_WHAT TO PRODUCE_: Wherever an image appears in the entries, drop it and reproduce everything else exactly.

_RECORDS SHOWN_:
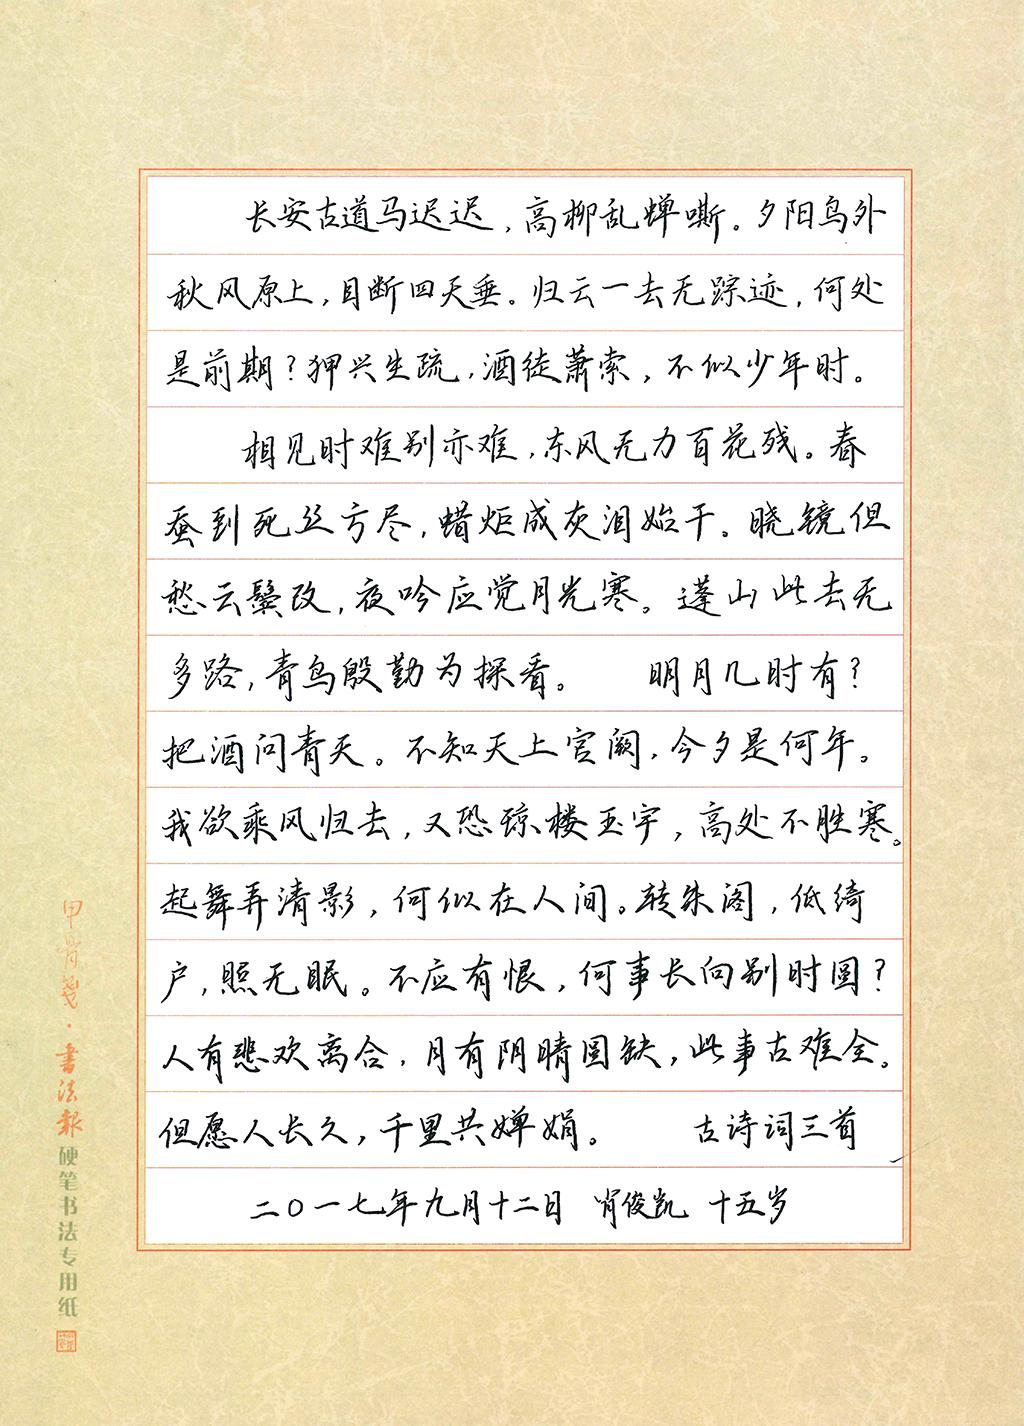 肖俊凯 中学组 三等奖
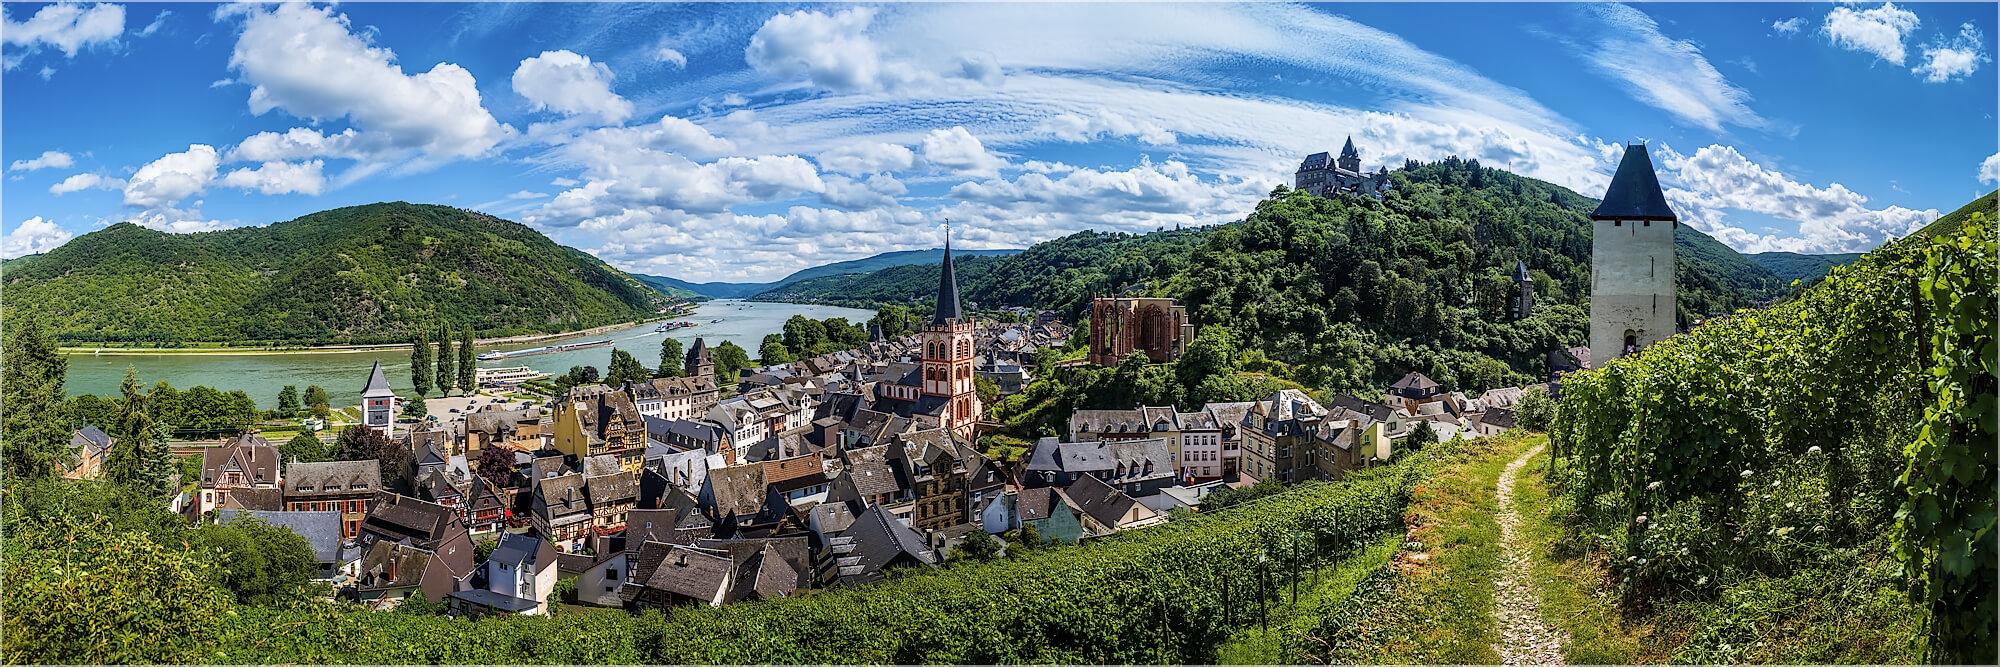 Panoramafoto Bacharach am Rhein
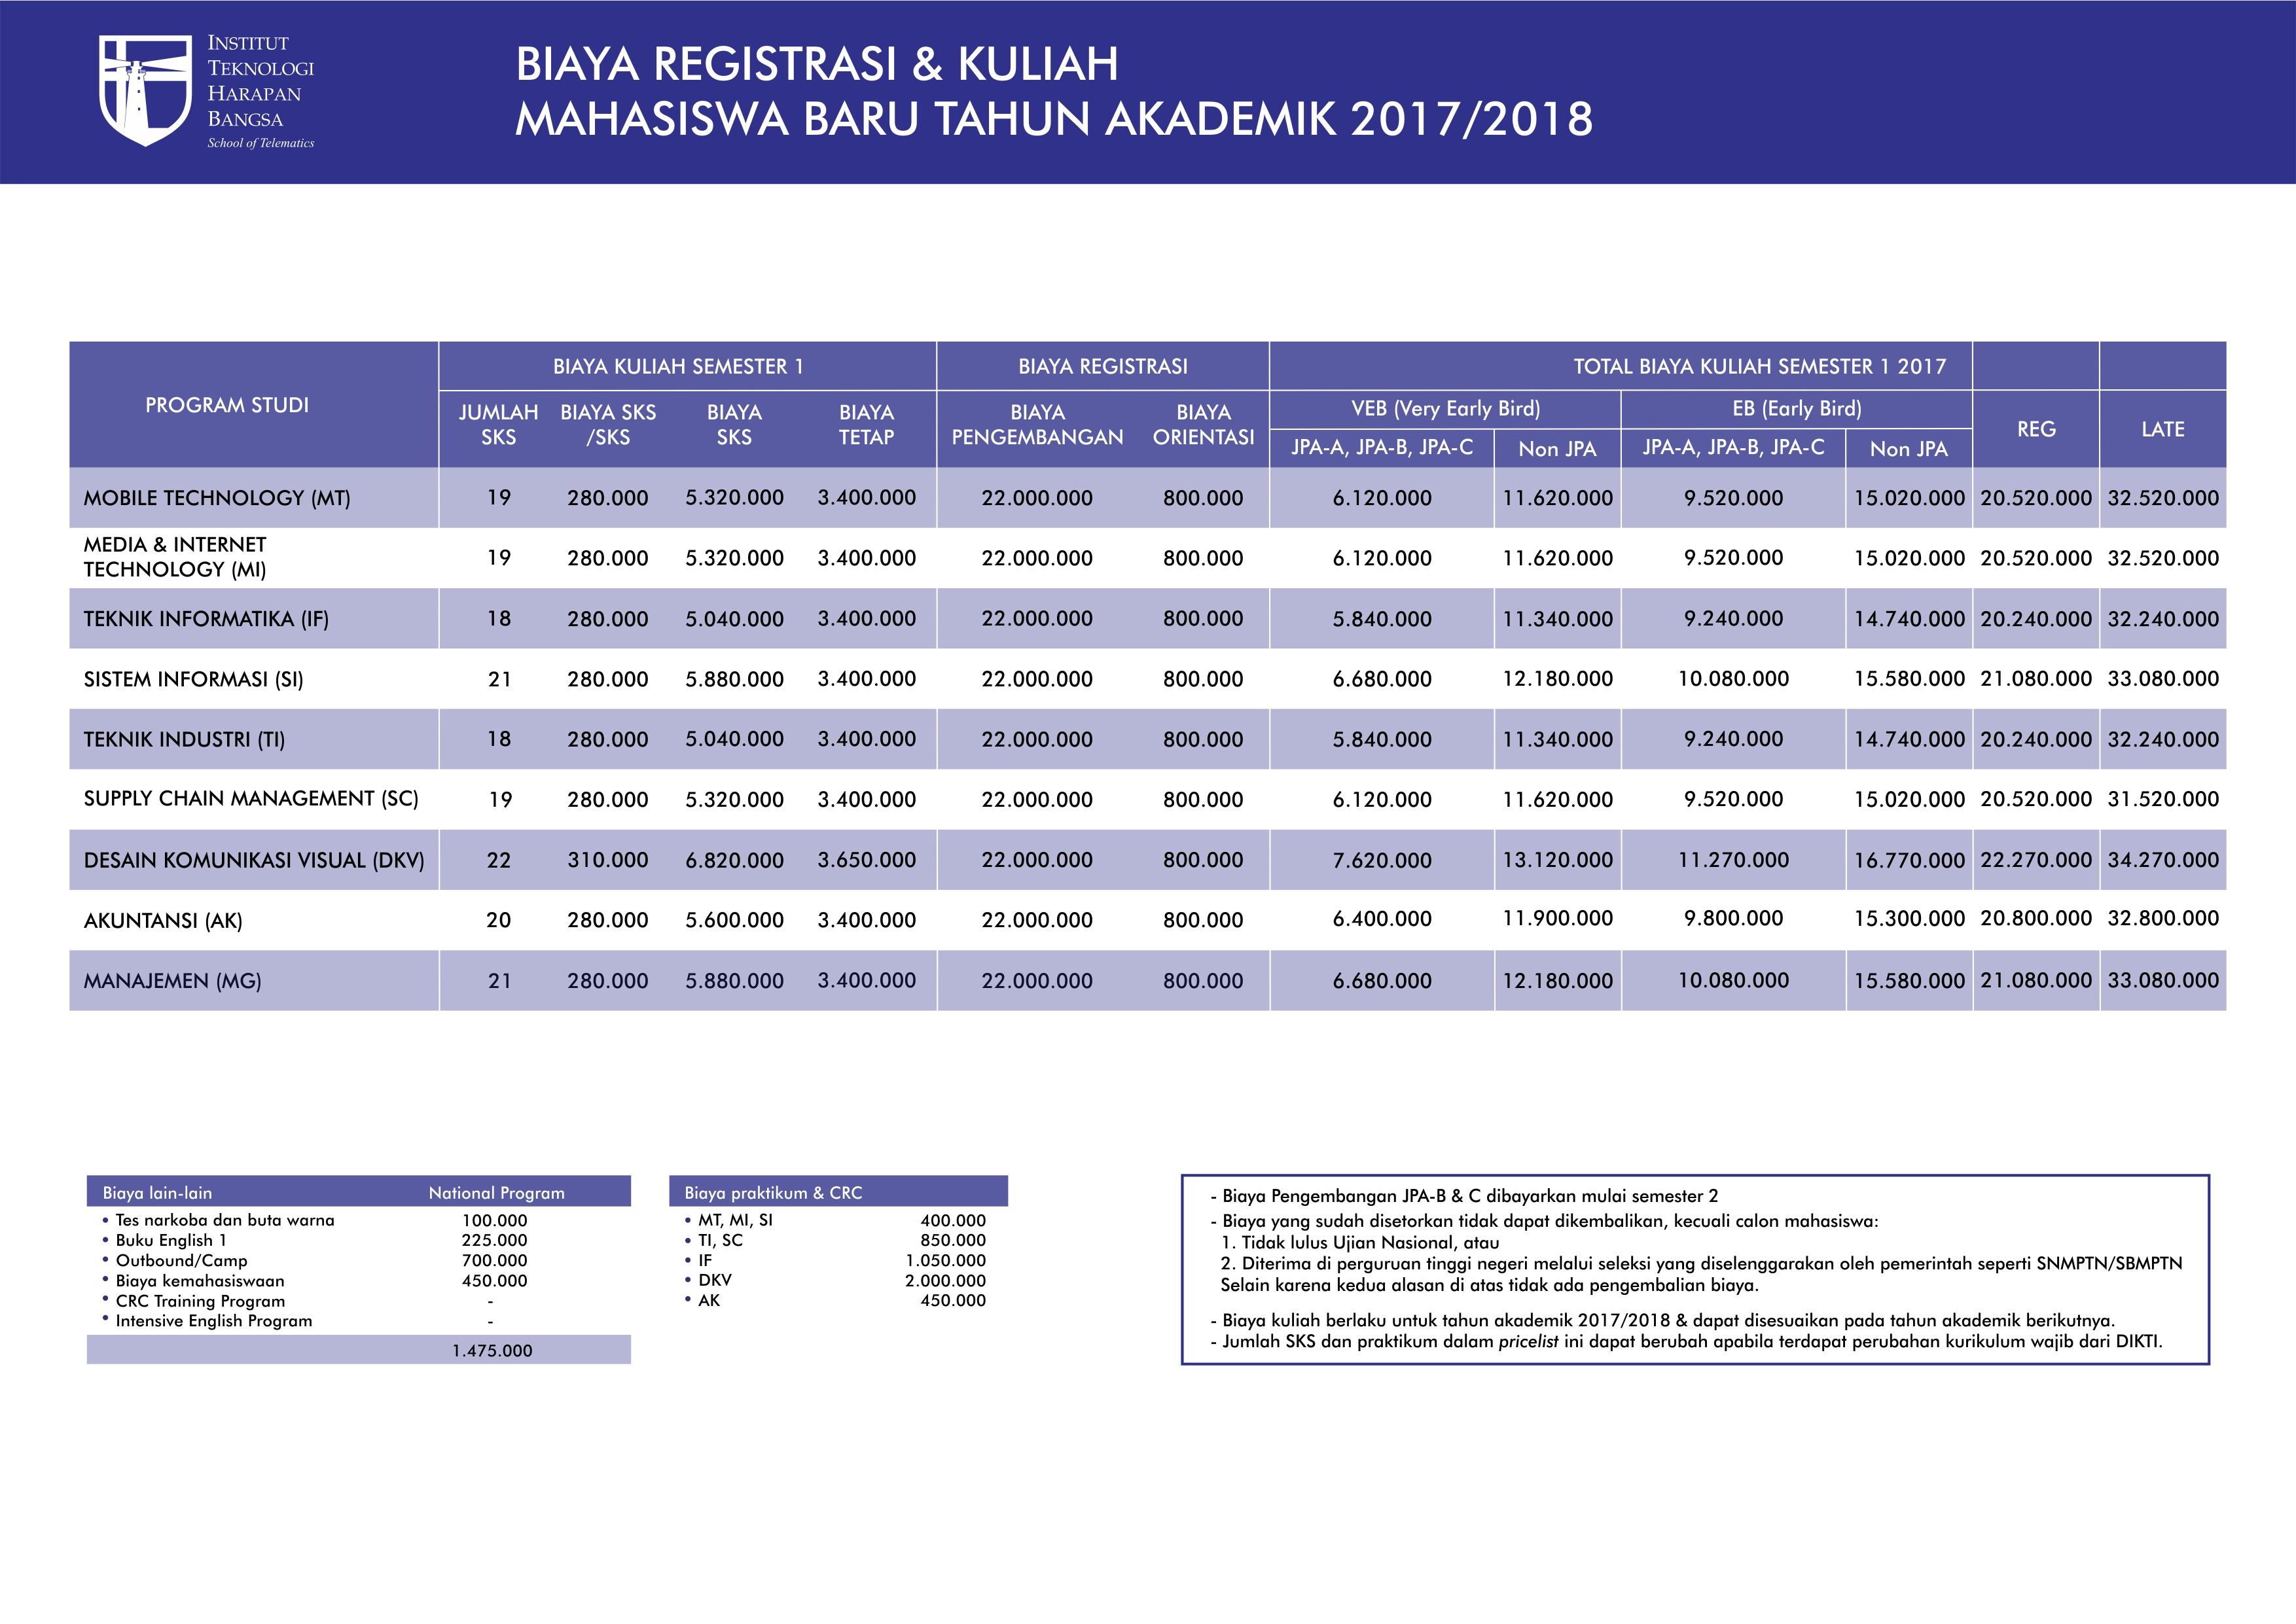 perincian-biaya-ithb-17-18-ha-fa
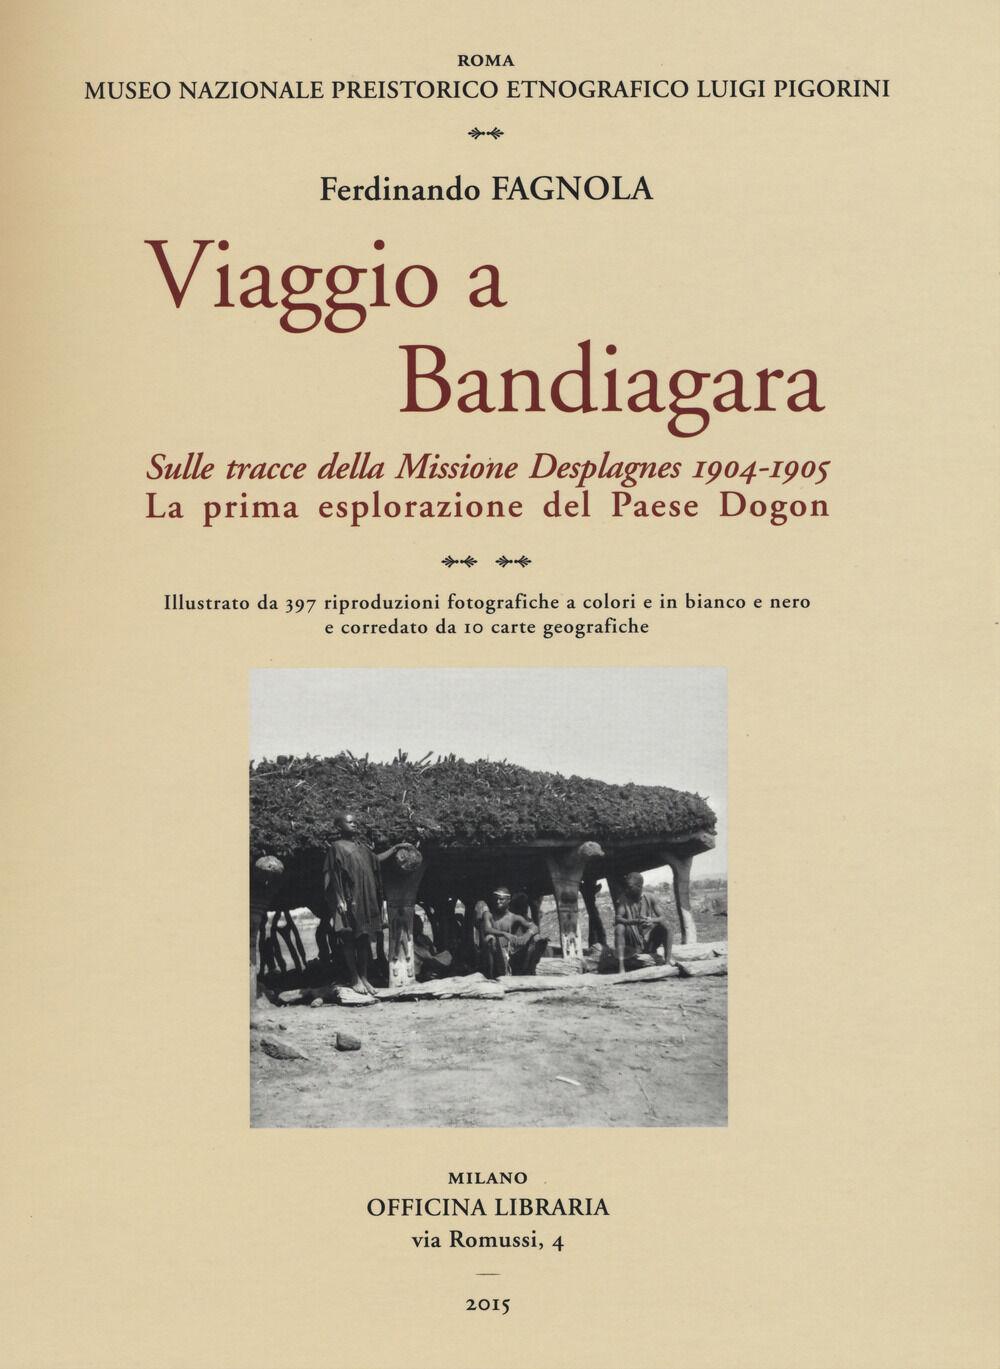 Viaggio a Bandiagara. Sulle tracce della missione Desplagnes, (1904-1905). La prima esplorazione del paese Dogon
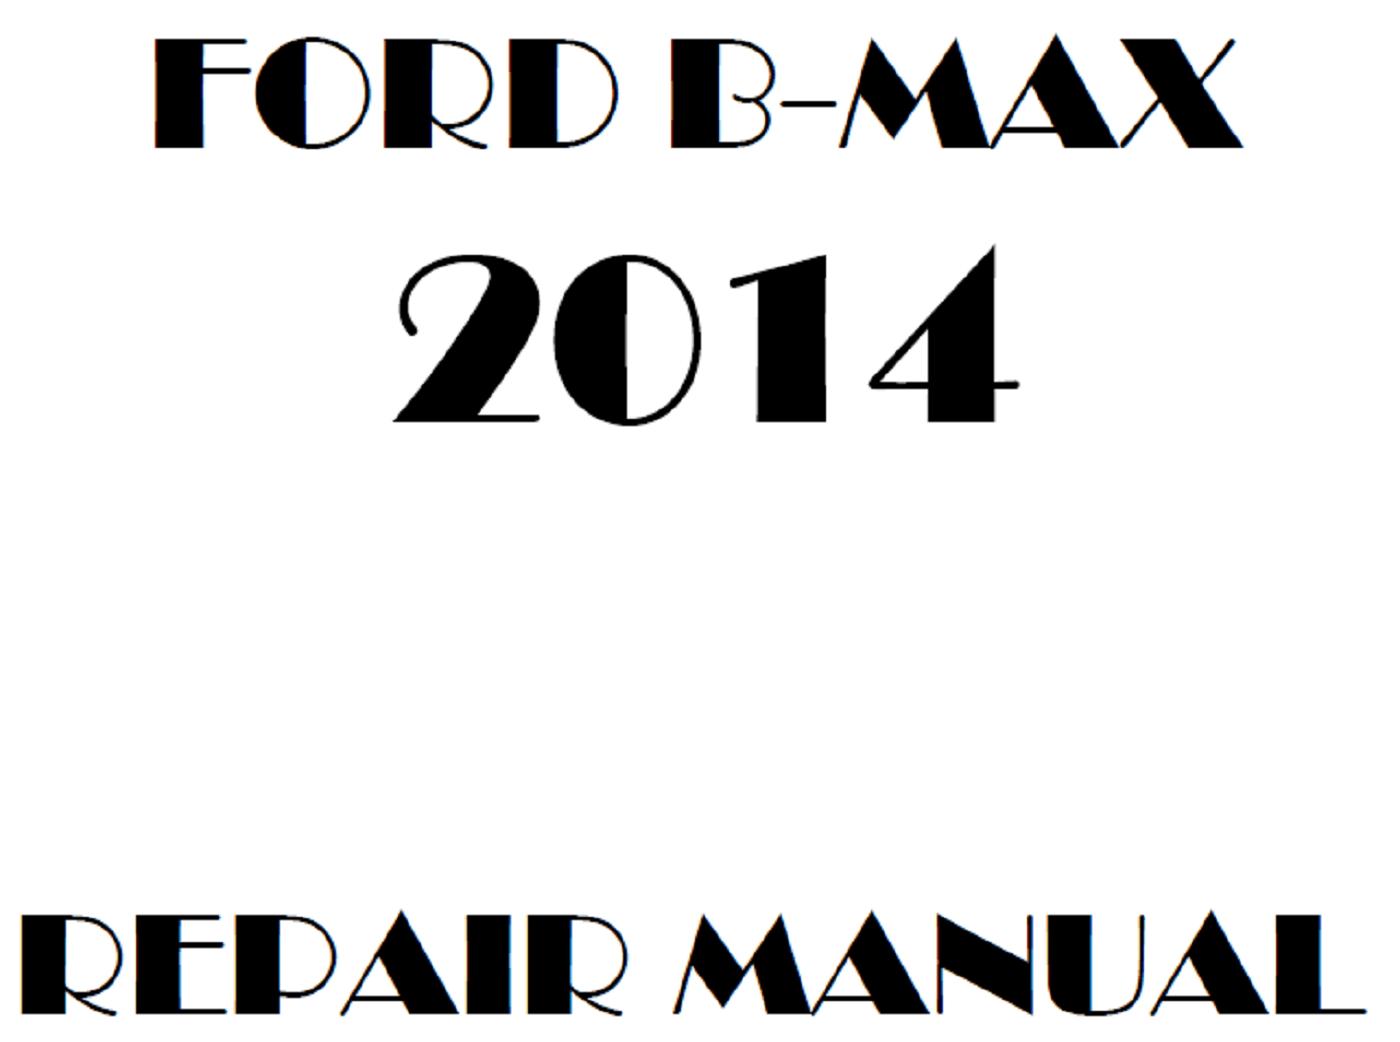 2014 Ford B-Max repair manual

_SOLUTION TO THIS EXERCISE_:
 肖俊凯 中学组 三等奖
 Panoramafoto Bacharach am Rhein
 perincian-biaya-ithb-17-18-ha-fa
 Viaggio a Bandiagara. Sulle tracce della missione Desplagnes, (1904-1905). La prima esplorazione del paese Dogon
 2014 Ford B-Max repair manual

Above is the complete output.